I wonder if the company has thought about creating some overlay templates that could be purchased relating to each application supported? I am sure they would be onto a winner there if they were a few bucks each.

I found the best way was to take it slowly, getting used to the novelty of not using hot keys or the mouse, and just (initially) sticking with basic commands and the “top” layer of the Loupedeck+ command structure. In this case, that meant restricting myself to such things as switching from panel to panel, transport controls, Next / Prev Edit Point, Trim Tool, Ripple Delete and so on.

After a day or so this became, whilst not exactly second nature as yet compared to my Contour ShuttlePro, at least workable. If I’m honest, the biggest issue was lack of desk real estate as simply having a mouse and mouse mat, keyboard, Contour ShuttlePro and Loupedeck+ all on my smallish workstation desk wasn’t practical.

What would work longer term I think – and I might investigate this – is to “rack” the Loupedesk+ above the keyboard and behind it similarly to the way keyboard players such as Rick Wakeman have multiple keyboards stacked (he modestly claims to inventing the concept).

Rick Wakeman and his keyboard “rack” setup

Where I can see Loupedeck” of major benefit, and an area I do not pretend at this stage to be less than a little familiar with is in the colour grading workspace with Luminetri in Premiere Pro which is using the Loupedeck+ in the FN Layer mode. (There are 4 modes altogether giving hundreds of potential combinations as mentioned earlier.)

Reading reviews from people who have w-a-y more experience in this than I, apparently to make it work better, it is preferable to change a few of the control / command mappings, but I suspect many will do that anyway as they become more and more familiar with the unit and modify it to their preferences.

And again, out of my experience, many reviewers suggest that where Loupedeck+ REALLY shines is when you are an Adobe Lightroom user. Having never used it, I’ll have to take their word for it.

Conclusion

Am I going to stick with using Loupedeck+?

If my primary video editing package was Adobe Premiere Pro, then yes I would. But it isn’t, I tend to use Vegas Pro for 90% of my work for the simple reason that I know it (however my quick play with Premiere was fun, and I may use it on occasion in the future).

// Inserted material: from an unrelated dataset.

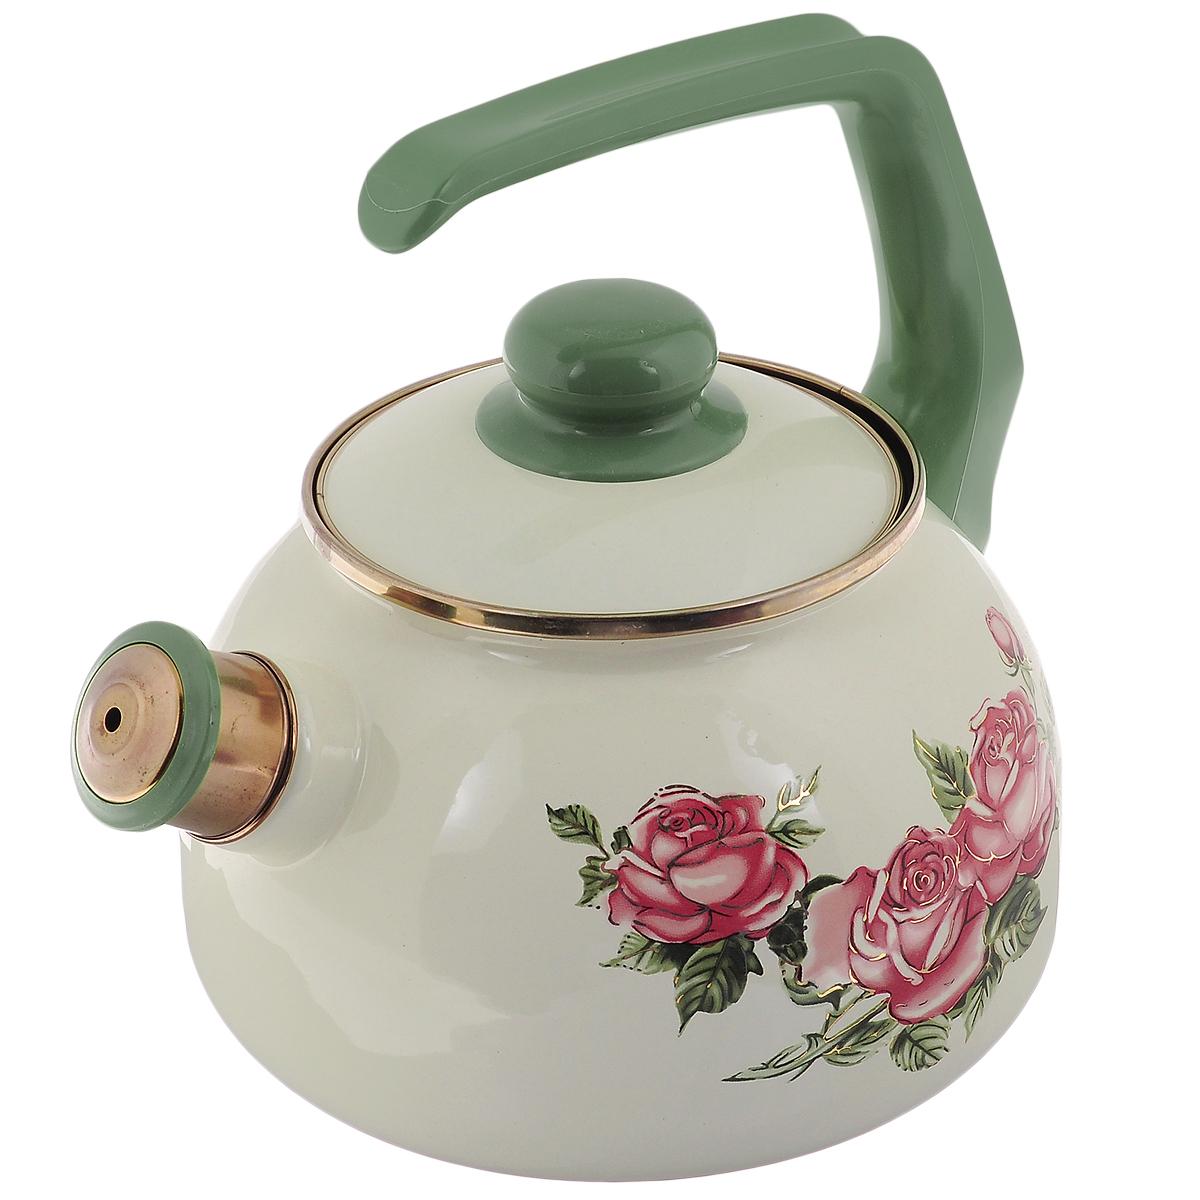 """Чайник Metrot """"Роза"""" выполнен из высококачественной стали, что обеспечивает долговечность использования. Внешнее цветное эмалевое покрытие придает приятный внешний вид. Бакелитовая фиксированная ручка делает использование чайника очень удобным и безопасным. Чайник снабжен съемным свистком.  Можно мыть в посудомоечной машине. Пригоден для всех видов плит, включая индукционные.  Высота чайника (без учета крышки и ручки): 13 см. Диаметр (по верхнему краю): 13 см."""

But I have not used After Effects for a long time, and now have a reason to go back to it, as I did enjoy creating motion graphics and compositions back in the past.

So, the longer answer is yes, I will use Loupedeck+ and it certainly will not be relegated to the “interesting gadgets” shelf of my office.

But I do hope that the good folk at Loupedeck realise Vegas is a legitimate player in the field, as is Blackmagic Design Resolve for that matter, and deserves their attention.